What remains today is an array of petrified logs, some broken into small bits, others several feet long and still half-buried in the ground. While some of the logs are simply rock-like, others hold a kaleidoscopic array of colorful crystals that look not so much like wood as they do sawed geodes in a classy rock shop, or brilliant gems in a jewelry store. And while some of the West's natural wonders suggest their presence long before the visitor actually arrives, the petrified wood of Escalante State Park is something you might not see until you stumble over it — literally. That, in my mind, makes the find all the more special.

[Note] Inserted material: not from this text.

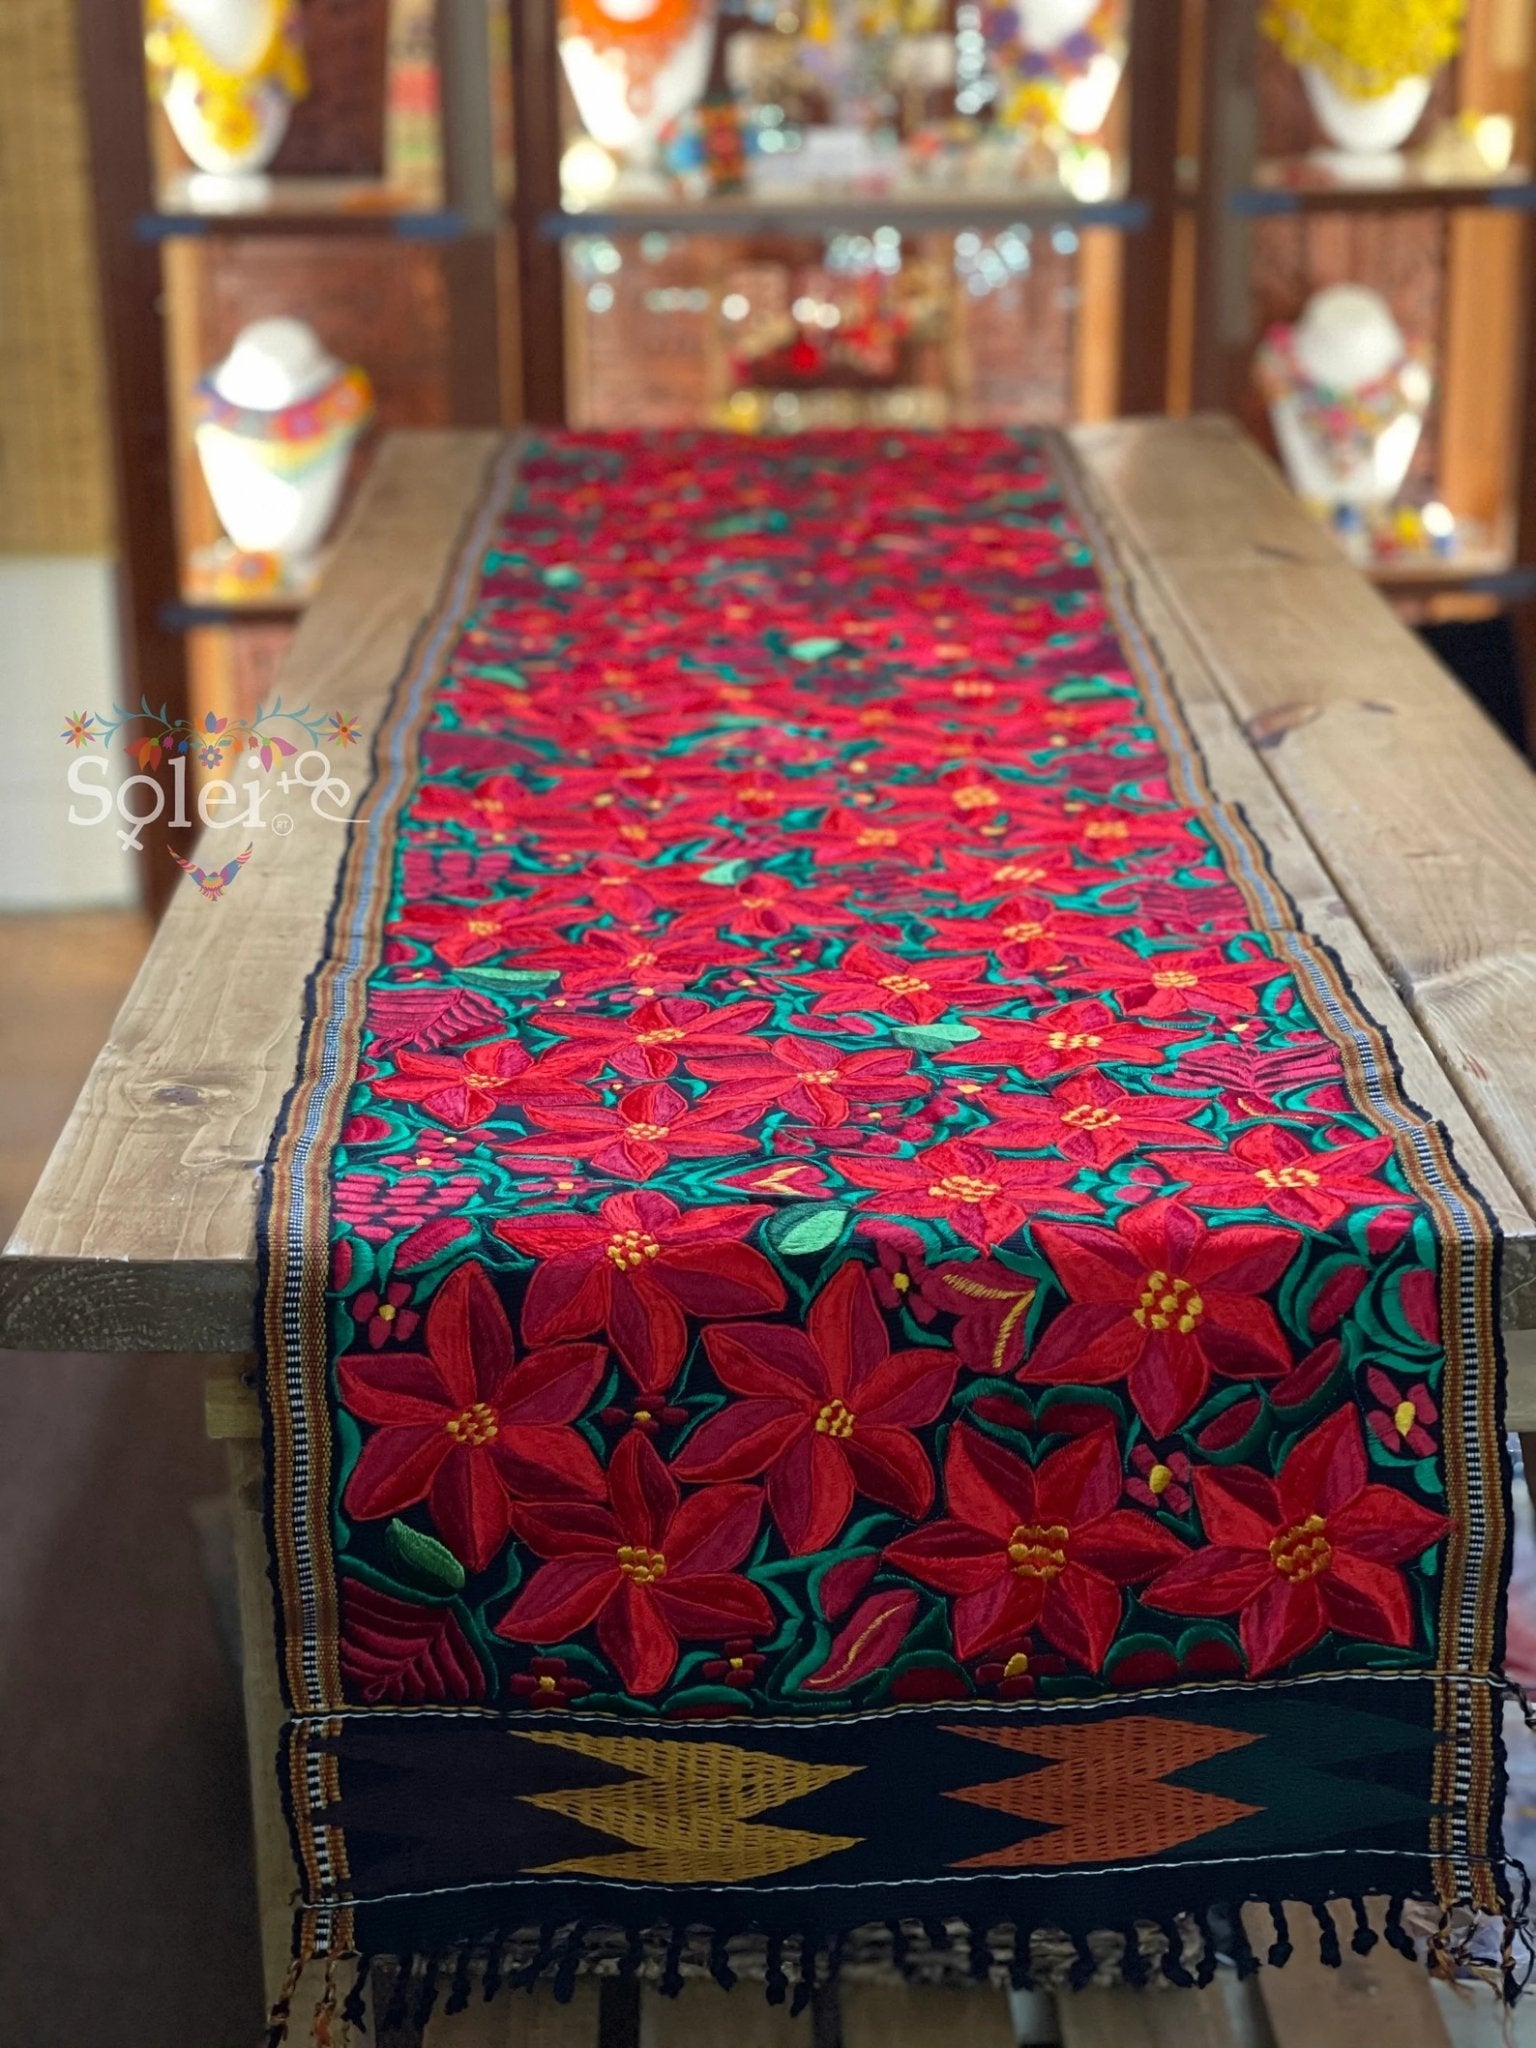 Mexican Handwoven Table Runner . Poinsettia Table Runner. Mexican Table Runner. Camino de Mesa Noche Buena. - Solei Store

Escalante State Park, located a few miles south and west of the small town of Escalante, was established in 1964 with land purchased from the Bureau of Land Management. More land was added in 1972 to include access to the shoreline of Wide Hollow Reservoir, which itself was created in the mid-50s and is used for irrigation by the town.
The park is a lovely spot for a short stopover or a place to relax after hard days of hiking. The campground has water and showers and cool green grass. Above the campground, in the petrified tree fields, trails lead both to the multi-hued wood as well as a small painted desert, views to the town of Escalante and, when I was there in late April, vibrant stands of wildflowers. For the uninitiated, the park's trails are a good way to get acquainted with the plants and animals of the Upper Sonoran life zone. There is sweet-smelling sagebrush, nut-bearing pinyon pines, black boulders which are the remnants of a nearby 50-million year old volcano, balanced rocks and desert varnish — a subtle coating of dark color that forms after centuries on sandstone. Other finds include roundleaf buffalo berry and a remarkable and huge trunk of petrified wood with subtle color changes from the outside to the core. When it is hot, the lake beckons.
As for me, I'm sorry I took so long to return.
Escalante State Park is 1.5 miles from Escalante and includes a visitors center, 22-unit campground, modern restrooms and showers, sanitary disposal station, group site and residential ranger.